Yes, but as I posted, one equation is looking at the ambient temperature in the heat source, while the other, Newton, is looking at the ambient temperature in the heat sink.

EastWindBreaks
Chestermiller
Mentor
Your book isn't doing a very good job of explaining this. It has led you think in terms of which temperature is higher in a particular problem and which temperature is lower. This is not the proper way of analyzing this. You need to focus rather on which temperature is situated at lower x, and which temperature is situated at higher x. This is because the heat flux is really a vector quantity. In reality, it should be accompanied by a unit vector in the x direction. If the ambient temperature is at lower x and the wall is at higher x (like say adjacent to the wall at x = 0), then the heat flux vector is $$\mathbf{q}=h(T_{ambient}-T_{wall})\mathbf{i_x}\tag{1}$$It doesn't matter which temperature is higher and which temperature is lower. The temperature at smaller x comes first and the temperature at higher x comes last. Similarly, at the boundary x = L, the wall temperature is situated at lower x than then ambient. Therefore, at that boundary, $$\mathbf{q}=h(T_{wall}-T_{ambient})\mathbf{i_x}\tag{2}$$It doesn't matter which temperature is higher and which temperature is lower.

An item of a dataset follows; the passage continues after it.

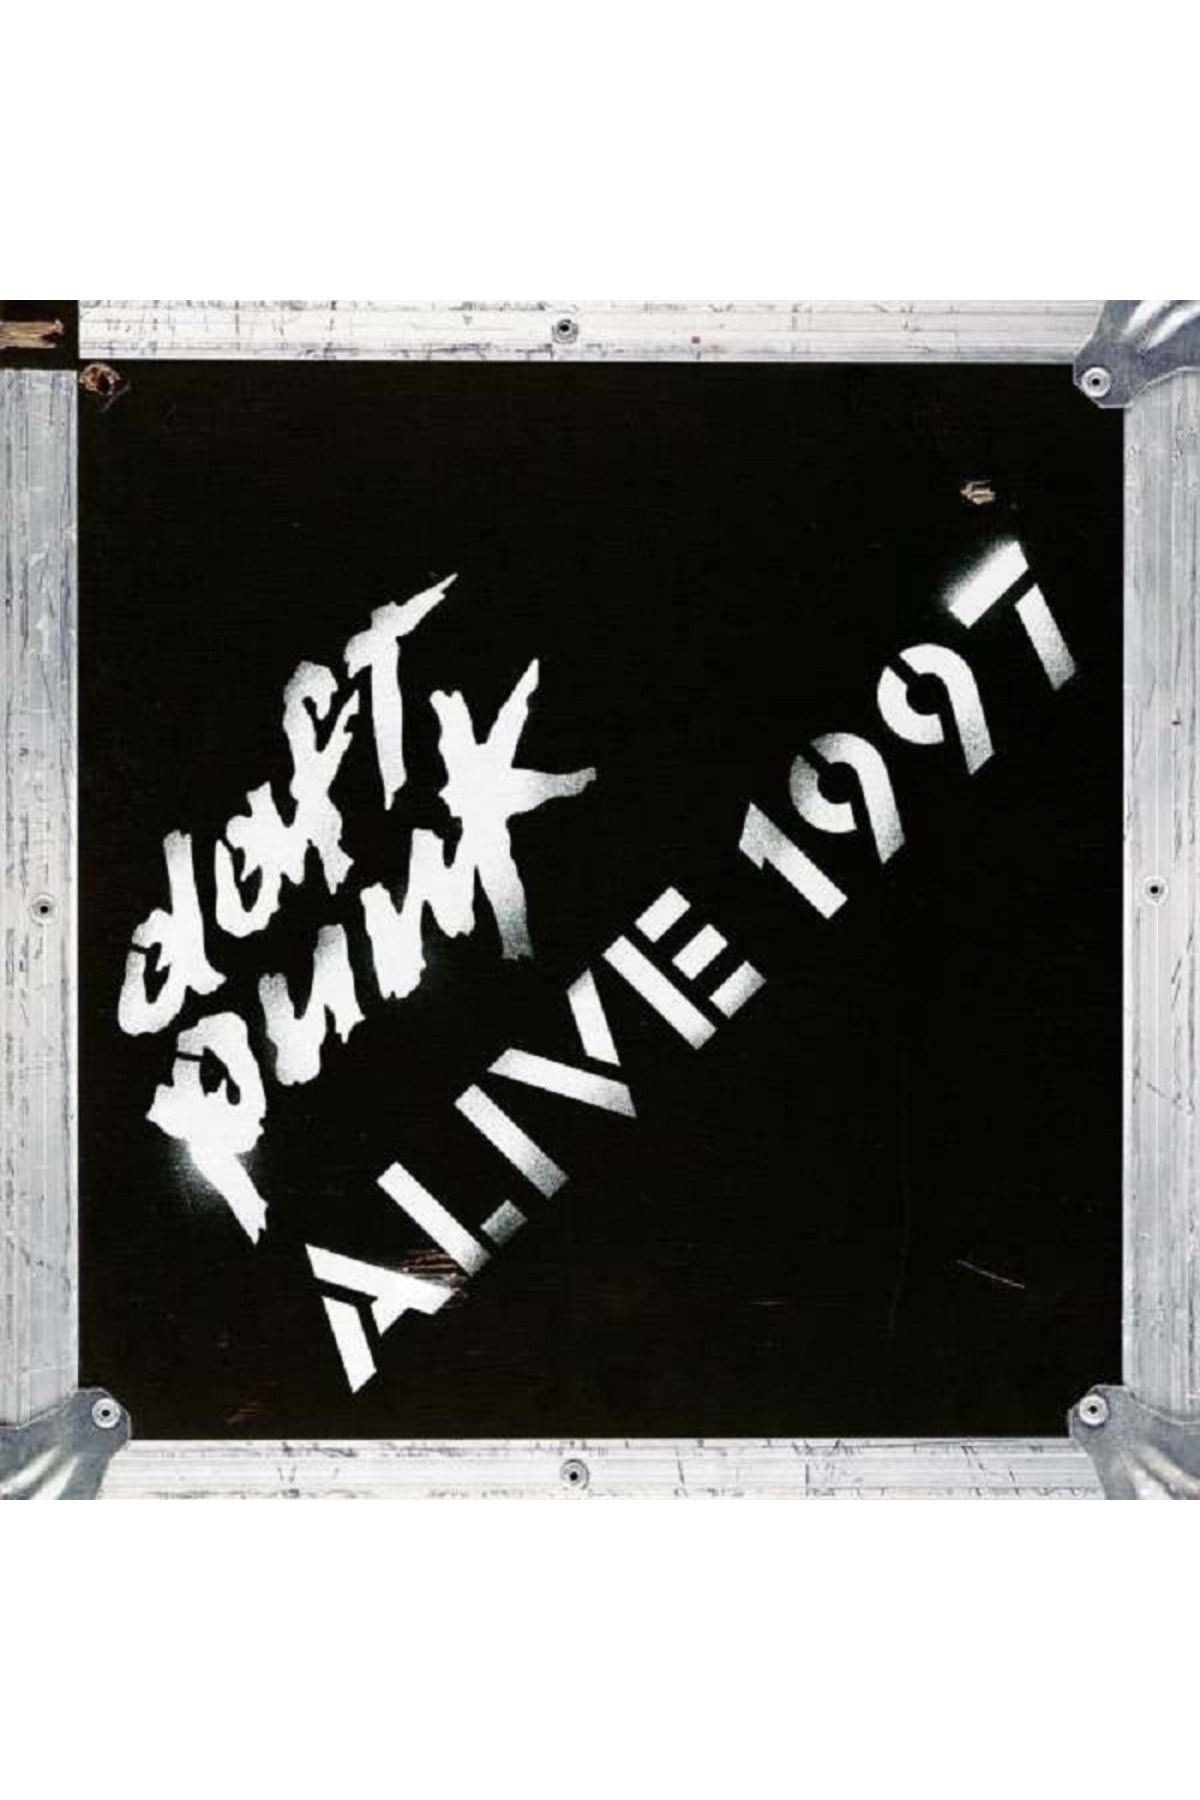 mazi plak Daft Punk - Alive 1997 Yeni Basım 33'lük Plak

In Eqn. 1, if the wall temperature is higher than the ambient temperature, all that means is the the heat flux is in the negative x direction (rather than the positive x direction).

EastWindBreaks
Your book isn't doing a very good job of explaining this. It has led you think in terms of which temperature is higher in a particular problem and which temperature is lower. This is not the proper way of analyzing this. You need to focus rather on which temperature is situated at lower x, and which temperature is situated at higher x. This is because the heat flux is really a vector quantity. In reality, it should be accompanied by a unit vector in the x direction. If the ambient temperature is at lower x and the wall is at higher x (like say adjacent to the wall at x = 0), then the heat flux vector is $$\mathbf{q}=h(T_{ambient}-T_{wall})\mathbf{i_x}\tag{1}$$It doesn't matter which temperature is higher and which temperature is lower. The temperature at smaller x comes first and the temperature at higher x comes last. Similarly, at the boundary x = L, the wall temperature is situated at lower x than then ambient. Therefore, at that boundary, $$\mathbf{q}=h(T_{wall}-T_{ambient})\mathbf{i_x}\tag{2}$$It doesn't matter which temperature is higher and which temperature is lower.

In Eqn. 1, if the wall temperature is higher than the ambient temperature, all that means is the the heat flux is in the negative x direction (rather than the positive x direction).
wow, you are right, I got stuck on trying to write that term base on which temperature is higher and which is lower, thank you very much for the awesome explanation!